If the coefficient matrix is a singular square matrix A, then the system A x = b can have no solutions of an infinite number of solutions, depending on what column matrix c is.
If column matrix c is all 0's, then Ax = c only the trivial solution, no matter what numbers are in singular sqare matrix A.
Is column matrix c the last column of the matrix? Last column in the sense that if it is a 3x3 matrix, the 3 column is the column matrix c?
This is the only time A x = c has exactly one solution. For nonzero C there are an infinite number of solutions or no solutions. Some systems may have uneque solutions for some, but not all, unknowns. The rest of the unknowns are still undeterminable.
If a matrix is singular, that's it's not invertible, the system of equations can have either no solutions or many solutions. Am I right about this? Is the column matrix C you refer to the last column of a matrix? Like in a 3x3 matrix, is column matrix C the column number 3? Or does the column matrix C referring to the "result column" in an augmented matrix? So by knowing that a matrix is not invertible is still not enough to tell if the system of equations has unique solution, many solutions or no solution? thanks.
Right. You need to augment the coefficient matris with column matrix c and then get it to reduced row-echelon form. That means using the Gauss-Jordan method.
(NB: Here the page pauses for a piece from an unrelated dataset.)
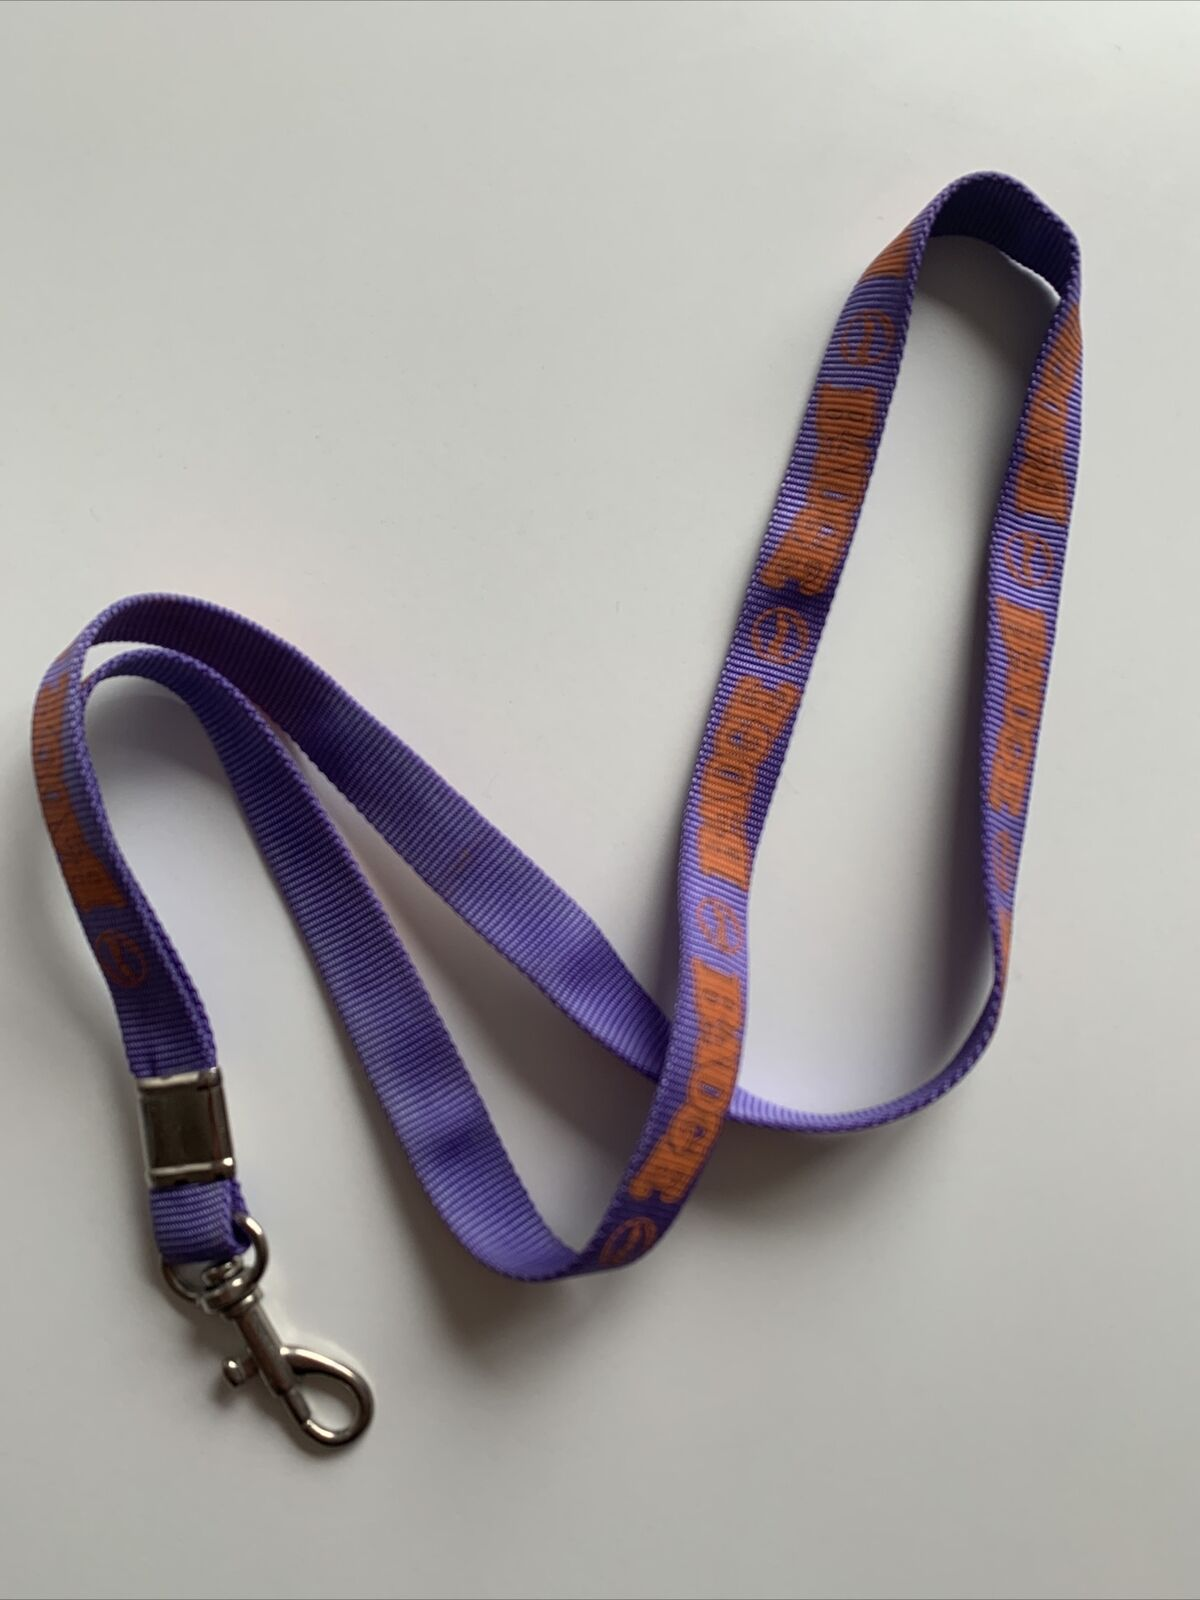 Badge Purple Lanyard Breakaway Safety Neck Strap With Metal Clip ID Badge Keys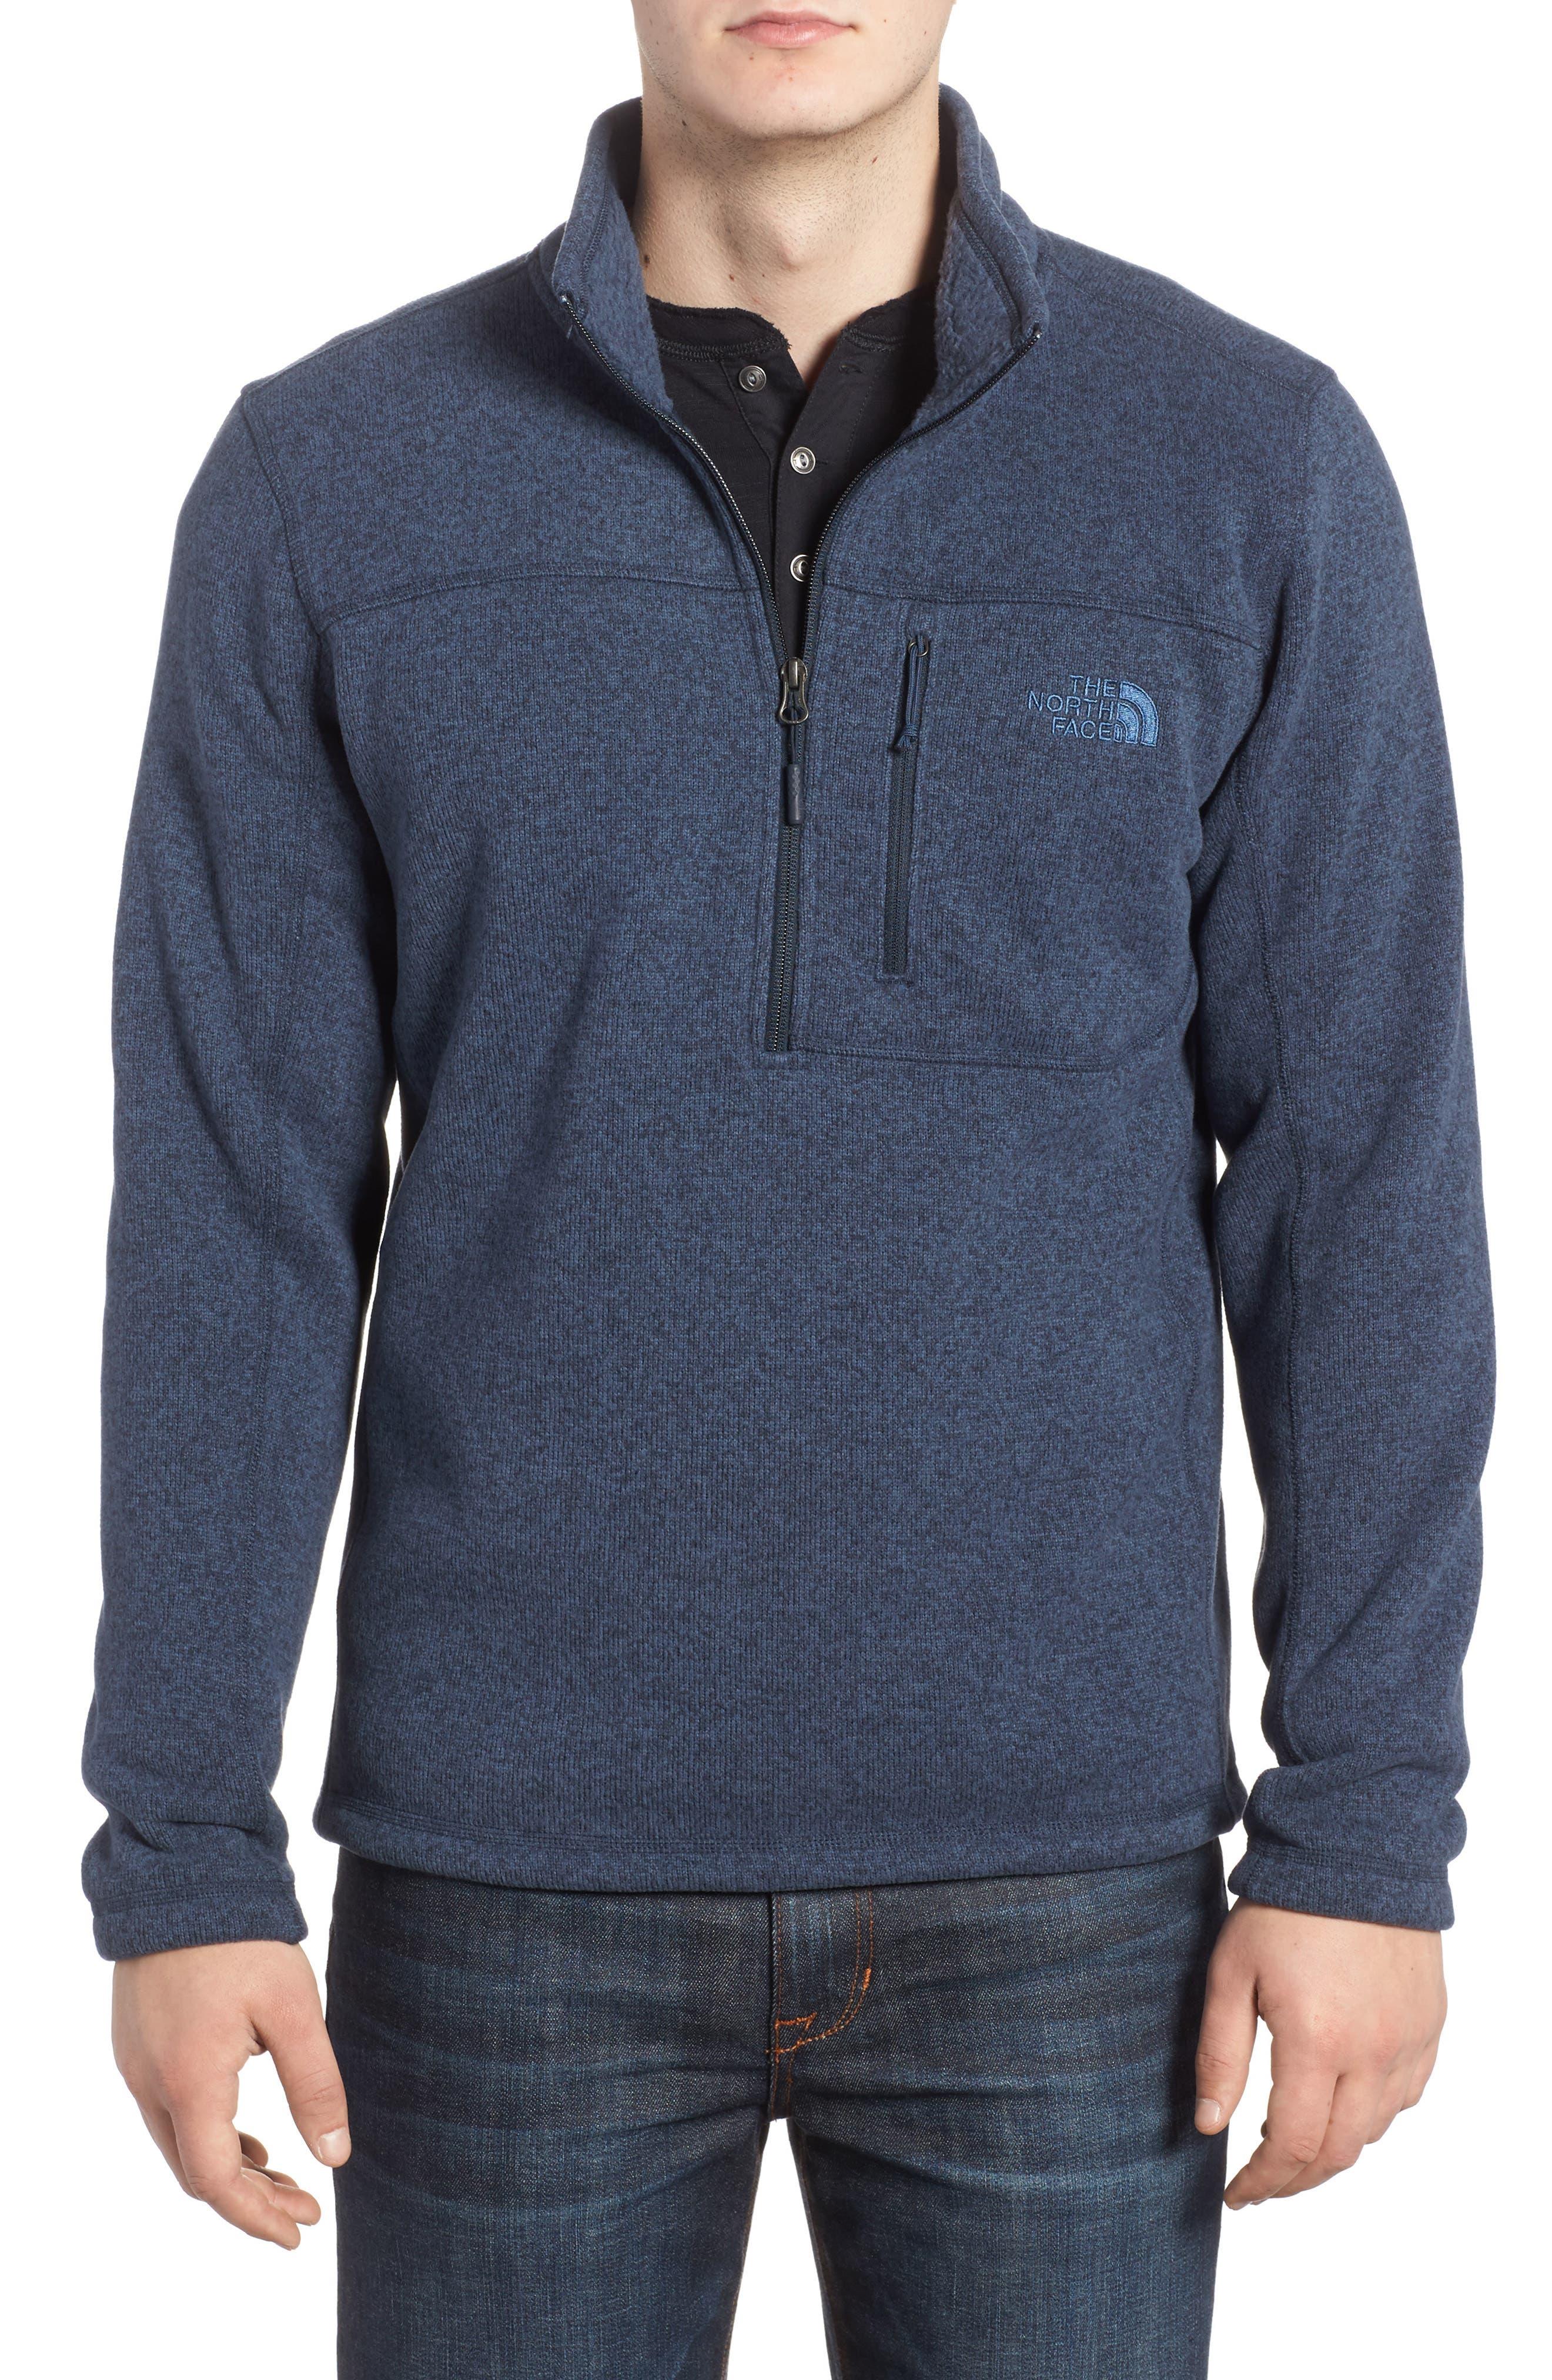 Gordon Lyons Quarter-Zip Fleece Jacket,                         Main,                         color, URBAN NAVY HEATHER

Are you familiar with those terms?
Yes, I understand the terms. Thanks a lot! So I can also say that if a matrix is invertible, it is a good matrix that surely has only one unique solution, am I right about this?
Assume your 2x2 matrix represents lines. Then they cross or are parallel or are the same line. The first case will form an invertible matrix (unique solution). Second and third is no solution/infinite number of solutions. You can think of 3x3 matrices/planes in much the same way.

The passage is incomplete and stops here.